The Anathemata

Sherthursdaye and Venus day (continued)

Our chrism’d Triptolemusa 

to quicken, to judge:

the furrows

the dead
from dear and grave Demeter come

germ of all:

of the dear arts as well as bread.

To institute, to make stable

to offer oblations

permanent

kindly, acceptable and valid:

tillage fruit

man’s-norm

then rational

so food of angels.1 

Munerab 

of Liber, poured

of Ceres, broken.

Not desert-rites, nor nomad-liberi.2 

Levites! the new rite holds

is here

before your older rites begin.3 

David Jones notes

1 Cf. ‘Ecce panis angelorum’ and ‘man is ... Reasonable as an Aungell’. Triptolemus was sent by the Mother Goddess to initiate agriculture and settled civilization and was also at Eleusis judge of the dead. He necessarily recalls Melchesidec who appears as a priest of agriculture-rites in a pastoral setting at the termination of a tribal war. If the significance of such types was brought out by the author of Hebrews VII, the Roman liturgists from very early on had given that significance special point and emphasis by relating it very immediately to the manual act of sacrifice, so that it continues still to be reasserted, every day, wherever a priest of the Roman rite asks that his offering of the transubstantiated fruits of the earth shall be identified with and as acceptable as ‘that which thy high priest Melchesidec offered up to thee’. (See the Roman Mass prayer Supra quae propido, following close on the act of consecration.)

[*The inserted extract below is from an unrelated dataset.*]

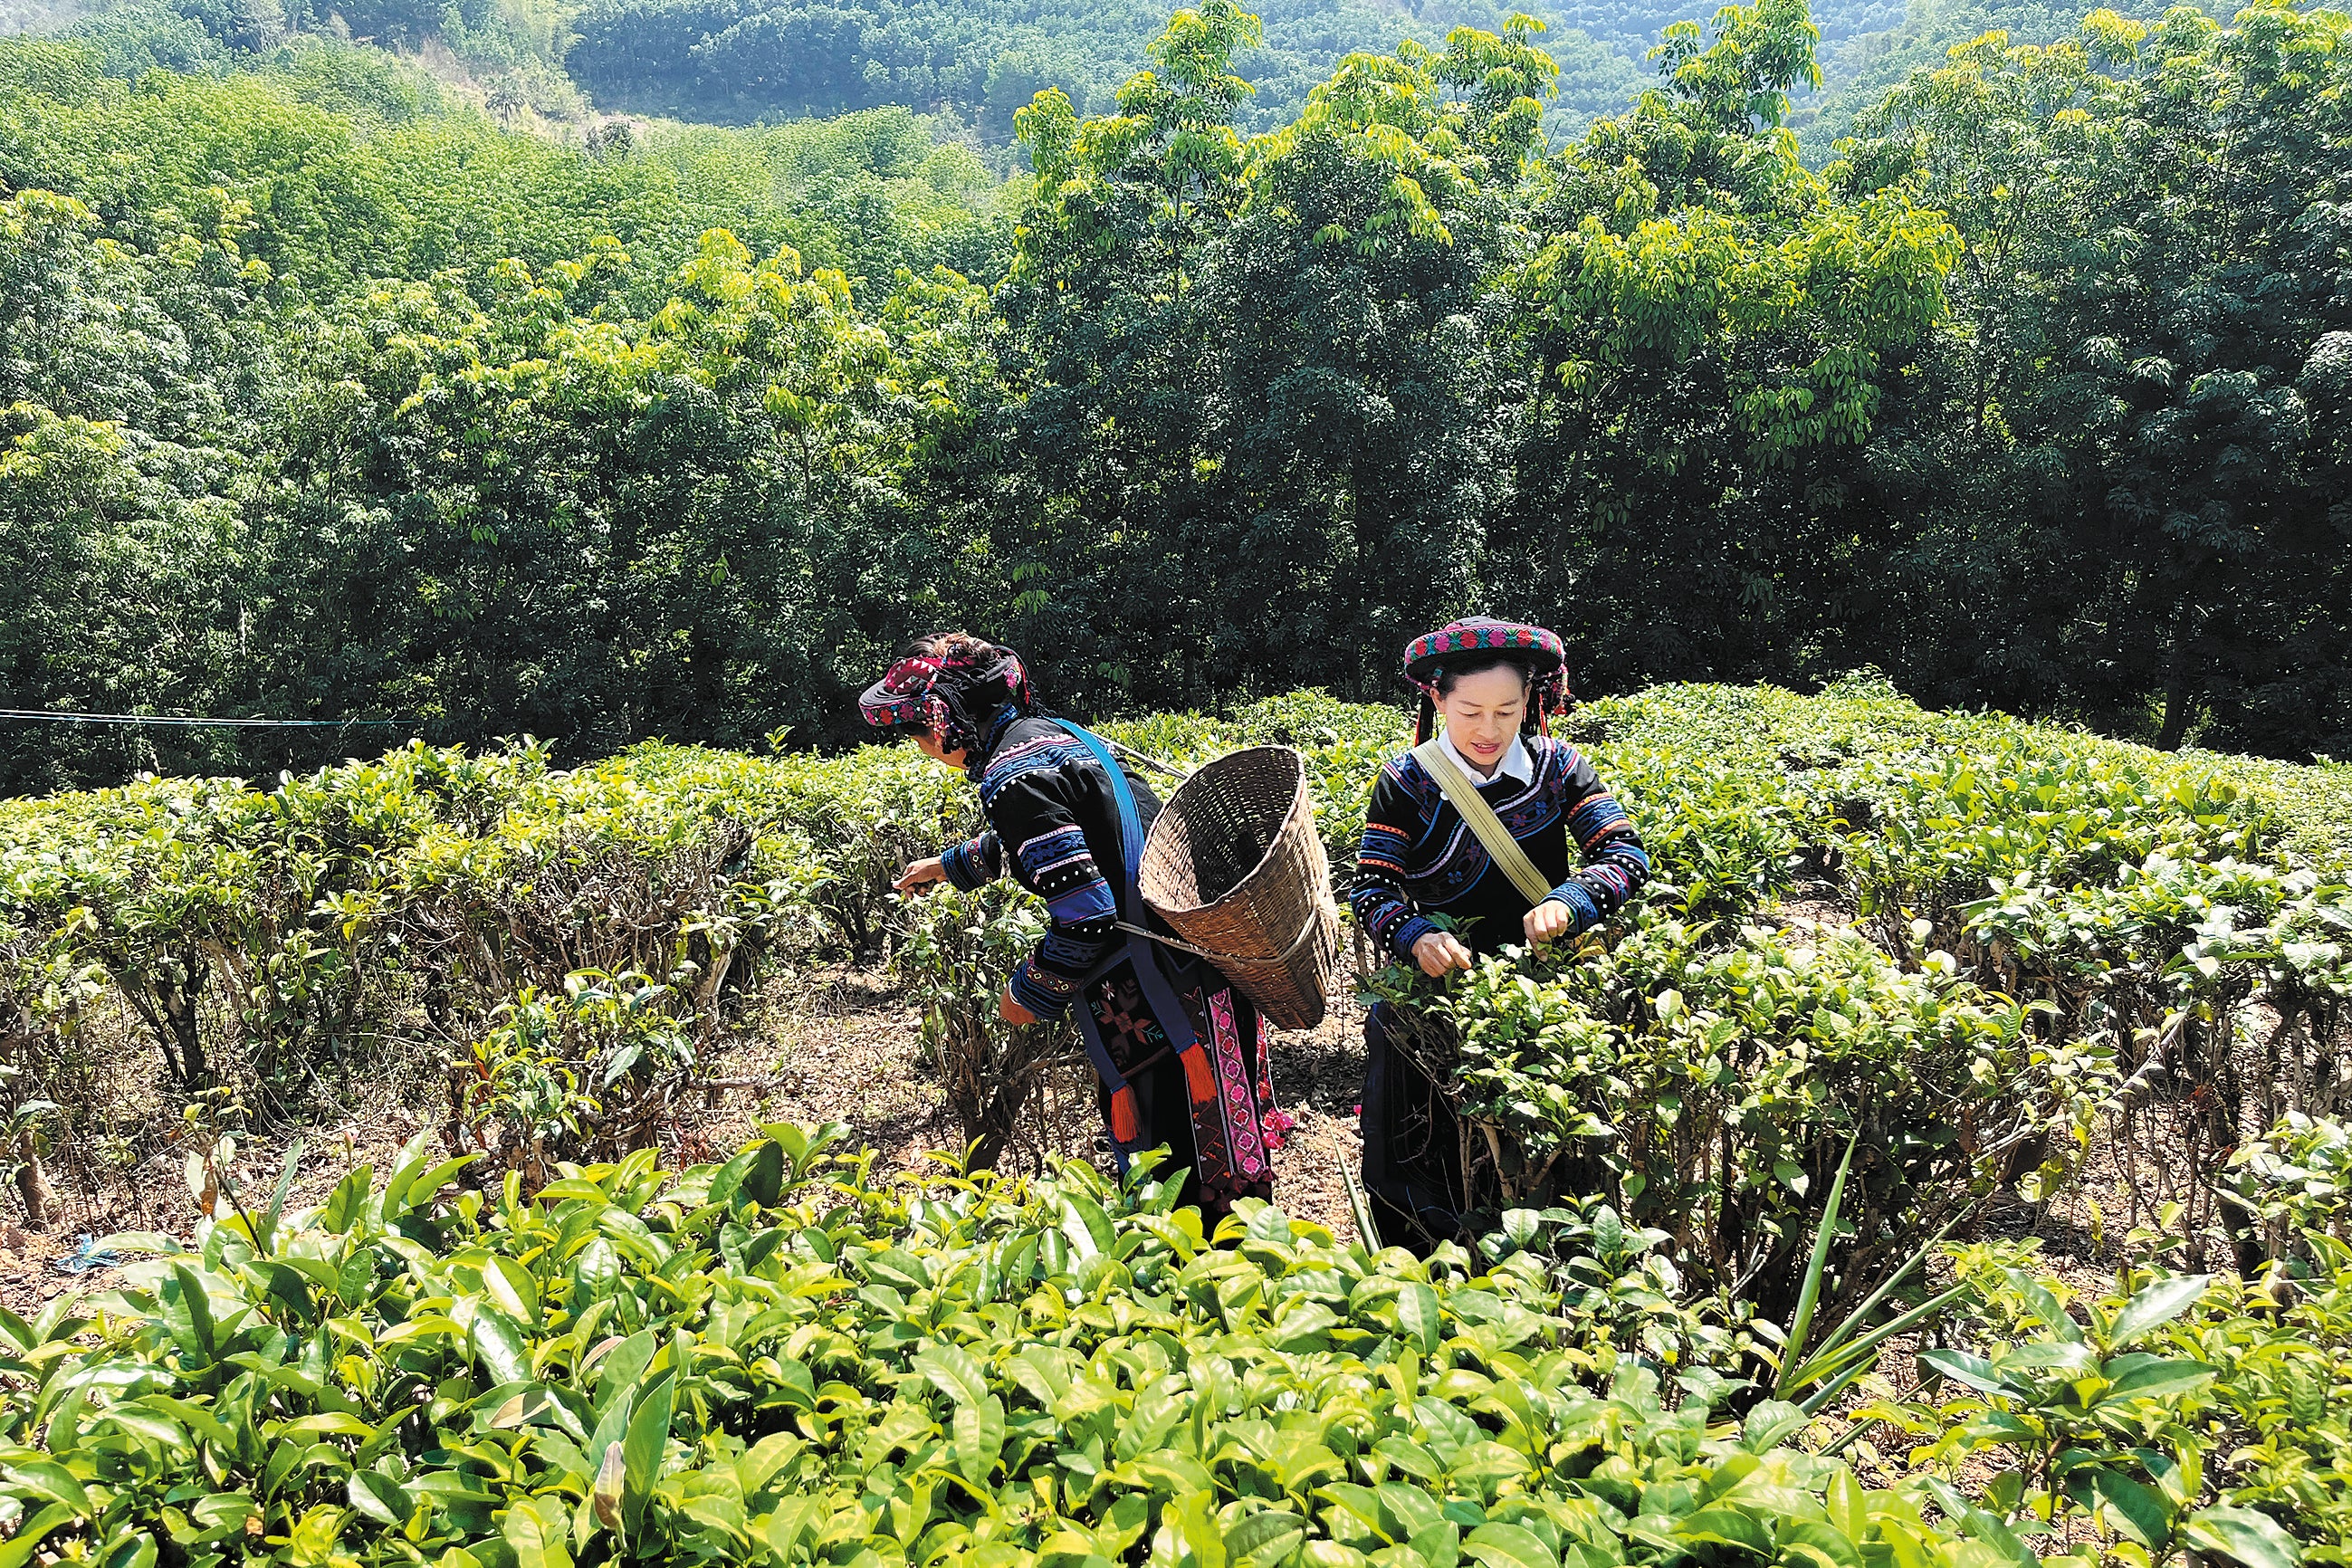 Villagers harvest tea leaves in the Konggeliudui community in Jinghong, Yunnan province

2 In the sense of the young of animals.

3 Cf. Heb. VII, 5-11 and the Maundy Thursday hymn, Pange lingua, verse 5. ‘Et antiquum documentum Novo cedat ritui’ ‘And let an antique formula give place to a new rite.’

additional notes

DJ note 1: Ecce panis angelorum (‘behold the bread of angels’) is from a hymn to the Eucharist written by Thomas Aquinas. The idea that man is reasonable, ‘as an angel’, is a theological truth that dates back many centuries an can be traced to the second century philosopher Ptolemy. The text of the Mass prayer quoted can be found here.

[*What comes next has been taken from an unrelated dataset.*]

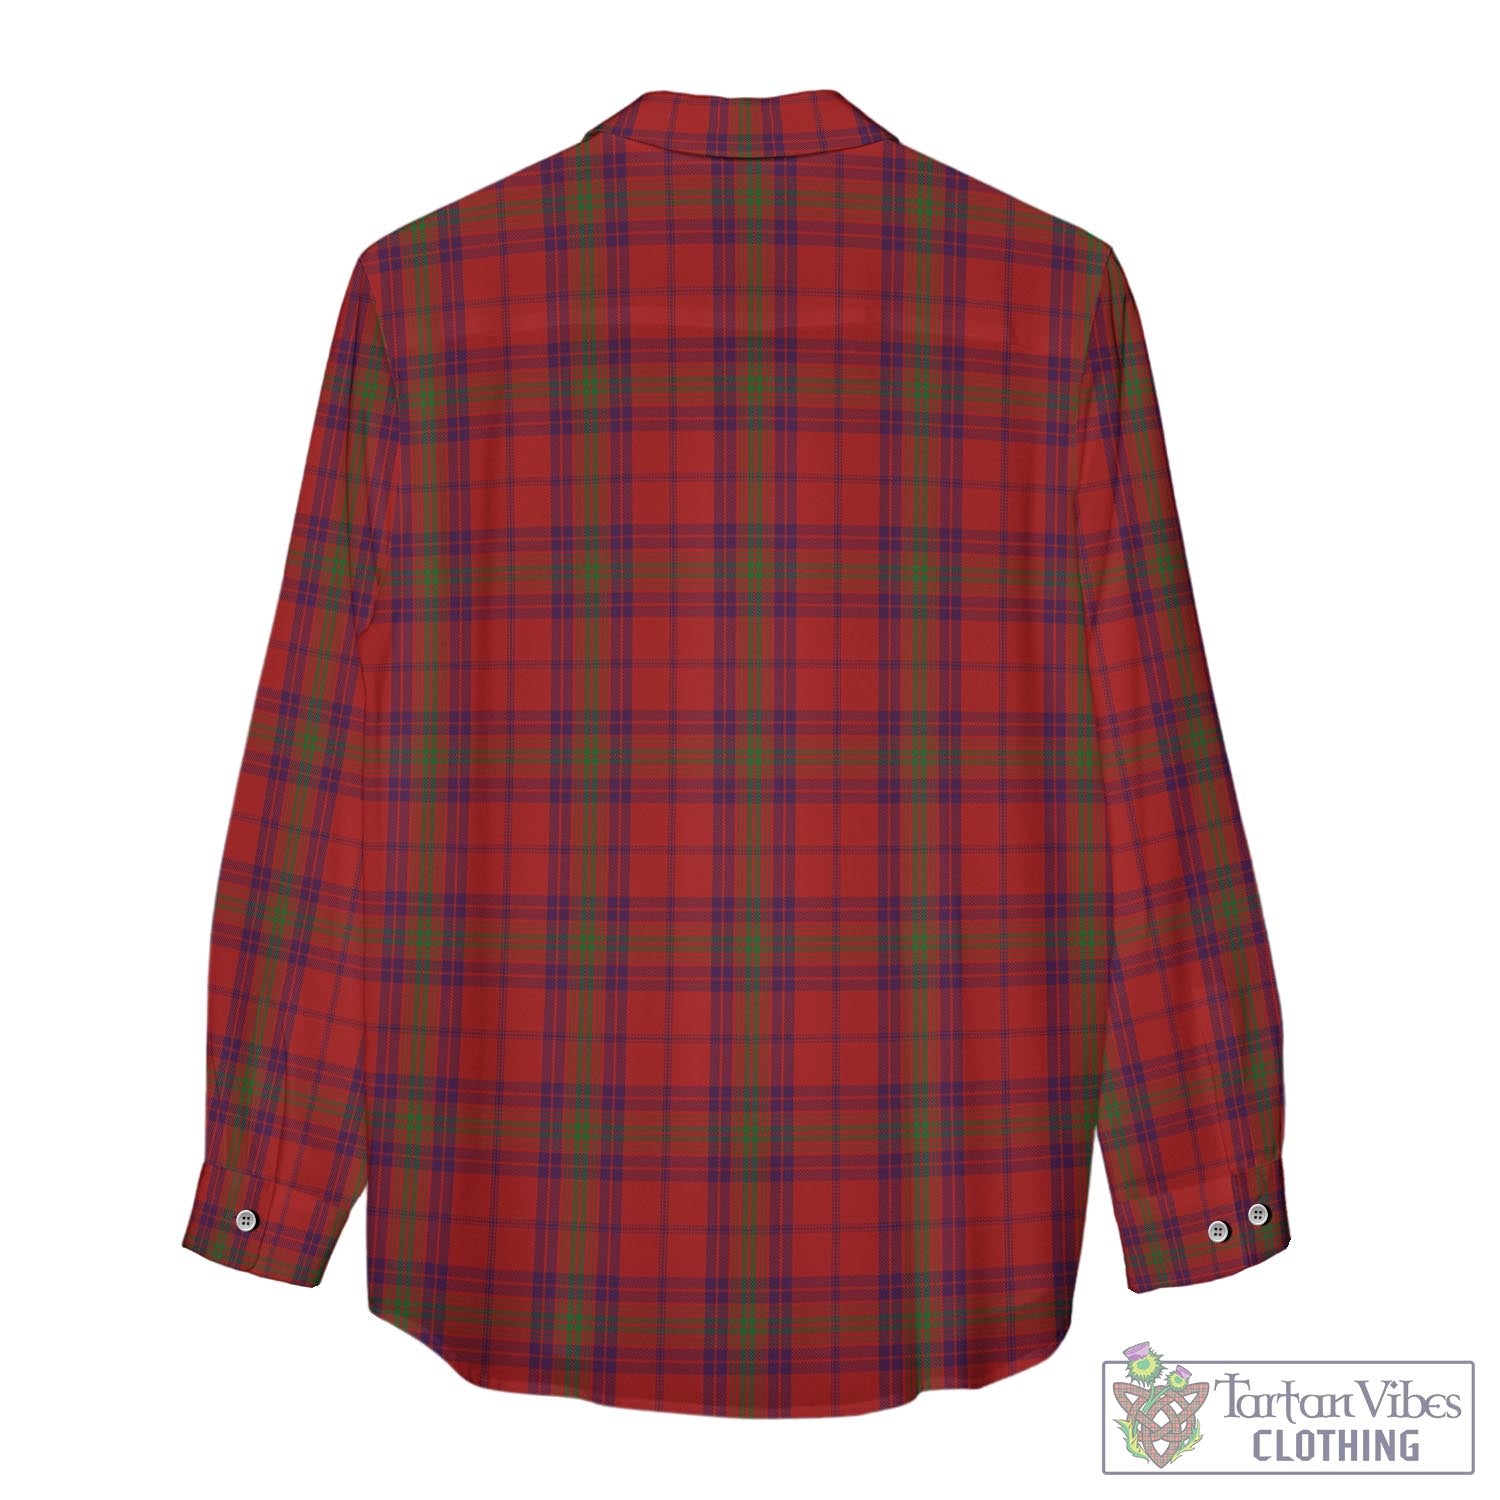 Tartan Vibes Clothing Ross Old Tartan Womens Casual Shirt with Family Crest

DJ note 3: From Hebrews Chapter 7:
[5] And verily they that are of the sons of Levi, who receive the office of the priesthood, have a commandment to take tithes of the people according to the law, that is, of their brethren, though they come out of the loins of Abraham:
[6] But he whose descent is not counted from them received tithes of Abraham, and blessed him that had the promises.
[7] And without all contradiction the less is blessed of the better.
[8] And here men that die receive tithes; but there he receiveth them, of whom it is witnessed that he liveth.
[9] And as I may so say, Levi also, who receiveth tithes, payed tithes in Abraham.
[10] For he was yet in the loins of his father, when Melchesidec met him.
[11] If therefore perfection were by the Levitical priesthood, (for under it the people received the law,) what further need was there that another priest should rise after the order of Melchesidec, and not be called after the order of Aaron?

The idea is that the poet is speaking of the new Christian rite, not the rite of the old covenant which prevailed in the days of the Hebrew partiarchs and Levitical priests when the children of Israel were wandering desert nomads..

a Tirptolemus was a demi-god who presided over the sowing of grain-seed and the milling of wheat. His name means ‘He who Pounds the Husks.’
In myth, Triptolemos was one of the Eleusinian princes who kindly received Demeter when she came mourning the loss of her daughter Persephone. The young goddess was eventually returned to her from the Underworld, and Demeter in her munificence, instructed Triptolemos in the art of agriculture, and gave him a winged chariot drawn by serpents so that he might travel the world spreading her gift.
chrism’d means anointed with holy oil or chrism.

comments

semantic structures

Note the chiasmus: quicken the furrows, judge the dead.

glossary

b munera: gifts (Latin). Ceres, the goddess of cereal crops; Liber (Bacchus) the god of wine (Greek).